Look for the string "from" in the material below. Copy every line where you find it.

» GIVEN DATA
◇ ◇ ◇ ◇ ◇

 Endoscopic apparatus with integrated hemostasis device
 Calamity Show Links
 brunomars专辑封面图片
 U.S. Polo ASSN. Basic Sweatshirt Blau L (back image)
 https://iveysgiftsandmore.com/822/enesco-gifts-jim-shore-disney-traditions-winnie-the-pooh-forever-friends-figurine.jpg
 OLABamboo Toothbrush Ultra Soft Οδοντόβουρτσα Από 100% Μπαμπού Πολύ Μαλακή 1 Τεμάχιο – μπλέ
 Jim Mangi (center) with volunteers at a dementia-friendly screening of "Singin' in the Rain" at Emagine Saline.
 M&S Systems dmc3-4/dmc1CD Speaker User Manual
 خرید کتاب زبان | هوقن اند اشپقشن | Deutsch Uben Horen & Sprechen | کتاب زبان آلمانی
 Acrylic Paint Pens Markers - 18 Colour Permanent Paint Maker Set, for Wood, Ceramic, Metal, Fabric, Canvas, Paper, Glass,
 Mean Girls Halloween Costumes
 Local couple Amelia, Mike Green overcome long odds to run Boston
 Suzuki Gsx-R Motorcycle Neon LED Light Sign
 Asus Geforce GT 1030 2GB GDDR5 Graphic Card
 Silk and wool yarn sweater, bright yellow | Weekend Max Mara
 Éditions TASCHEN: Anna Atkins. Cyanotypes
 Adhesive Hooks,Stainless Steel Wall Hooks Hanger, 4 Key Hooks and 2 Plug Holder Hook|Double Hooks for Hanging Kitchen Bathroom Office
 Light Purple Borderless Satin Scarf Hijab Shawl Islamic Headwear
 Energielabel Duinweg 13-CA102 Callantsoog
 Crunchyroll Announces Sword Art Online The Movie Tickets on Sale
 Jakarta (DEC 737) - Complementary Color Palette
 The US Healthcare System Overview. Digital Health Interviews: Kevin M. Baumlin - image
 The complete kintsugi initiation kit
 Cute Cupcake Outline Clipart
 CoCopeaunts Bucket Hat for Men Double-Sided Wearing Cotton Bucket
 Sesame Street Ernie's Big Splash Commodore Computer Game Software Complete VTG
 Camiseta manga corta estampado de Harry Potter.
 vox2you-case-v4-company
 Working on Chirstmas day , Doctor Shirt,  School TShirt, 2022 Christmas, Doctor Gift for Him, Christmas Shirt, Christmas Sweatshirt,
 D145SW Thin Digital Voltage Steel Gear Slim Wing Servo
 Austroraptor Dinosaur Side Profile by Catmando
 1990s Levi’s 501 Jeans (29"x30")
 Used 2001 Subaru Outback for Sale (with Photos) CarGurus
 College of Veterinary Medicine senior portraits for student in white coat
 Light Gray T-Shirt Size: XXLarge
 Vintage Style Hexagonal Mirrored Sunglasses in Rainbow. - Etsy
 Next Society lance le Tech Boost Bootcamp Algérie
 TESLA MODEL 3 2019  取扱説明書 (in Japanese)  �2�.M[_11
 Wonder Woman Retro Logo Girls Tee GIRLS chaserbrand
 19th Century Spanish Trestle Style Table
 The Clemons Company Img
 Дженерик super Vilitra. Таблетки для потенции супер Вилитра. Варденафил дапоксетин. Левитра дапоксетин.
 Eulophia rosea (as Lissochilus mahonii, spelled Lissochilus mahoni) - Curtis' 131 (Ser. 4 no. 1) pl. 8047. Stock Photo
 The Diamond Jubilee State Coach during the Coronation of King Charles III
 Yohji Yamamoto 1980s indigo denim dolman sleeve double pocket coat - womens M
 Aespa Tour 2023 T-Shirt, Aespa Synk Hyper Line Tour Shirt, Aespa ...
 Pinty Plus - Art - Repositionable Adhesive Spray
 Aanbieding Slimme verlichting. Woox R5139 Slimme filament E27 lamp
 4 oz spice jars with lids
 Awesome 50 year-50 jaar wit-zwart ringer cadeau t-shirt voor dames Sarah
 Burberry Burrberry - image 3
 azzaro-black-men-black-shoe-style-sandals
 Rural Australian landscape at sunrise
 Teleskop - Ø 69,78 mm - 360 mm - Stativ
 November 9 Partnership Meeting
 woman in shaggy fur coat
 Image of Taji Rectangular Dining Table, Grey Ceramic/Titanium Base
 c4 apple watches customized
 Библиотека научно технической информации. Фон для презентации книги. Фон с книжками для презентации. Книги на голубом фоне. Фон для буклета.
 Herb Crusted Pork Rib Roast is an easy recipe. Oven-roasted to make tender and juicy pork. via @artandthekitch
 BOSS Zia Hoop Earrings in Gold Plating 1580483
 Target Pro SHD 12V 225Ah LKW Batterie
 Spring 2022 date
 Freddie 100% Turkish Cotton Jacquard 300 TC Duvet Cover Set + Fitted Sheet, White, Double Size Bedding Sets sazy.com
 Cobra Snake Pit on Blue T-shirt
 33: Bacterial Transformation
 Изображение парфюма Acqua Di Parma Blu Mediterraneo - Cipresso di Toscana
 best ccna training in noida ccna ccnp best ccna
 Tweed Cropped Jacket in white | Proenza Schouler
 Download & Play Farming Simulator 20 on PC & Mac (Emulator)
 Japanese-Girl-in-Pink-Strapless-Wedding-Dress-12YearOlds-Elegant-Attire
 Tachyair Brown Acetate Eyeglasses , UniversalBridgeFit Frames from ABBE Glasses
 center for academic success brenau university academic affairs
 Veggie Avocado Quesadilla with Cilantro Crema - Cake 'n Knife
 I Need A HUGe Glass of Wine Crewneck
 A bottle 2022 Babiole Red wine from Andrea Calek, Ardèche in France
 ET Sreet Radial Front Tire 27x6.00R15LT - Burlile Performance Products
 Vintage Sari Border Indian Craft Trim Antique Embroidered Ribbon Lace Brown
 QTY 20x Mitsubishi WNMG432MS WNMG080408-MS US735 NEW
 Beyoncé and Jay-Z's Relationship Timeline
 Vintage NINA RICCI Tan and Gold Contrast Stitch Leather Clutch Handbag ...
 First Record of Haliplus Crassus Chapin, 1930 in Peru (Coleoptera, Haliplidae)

◇ ◇ ◇ ◇ ◇

» EXERCISE SOLUTION
 Tachyair Brown Acetate Eyeglasses , UniversalBridgeFit Frames from ABBE Glasses
 A bottle 2022 Babiole Red wine from Andrea Calek, Ardèche in France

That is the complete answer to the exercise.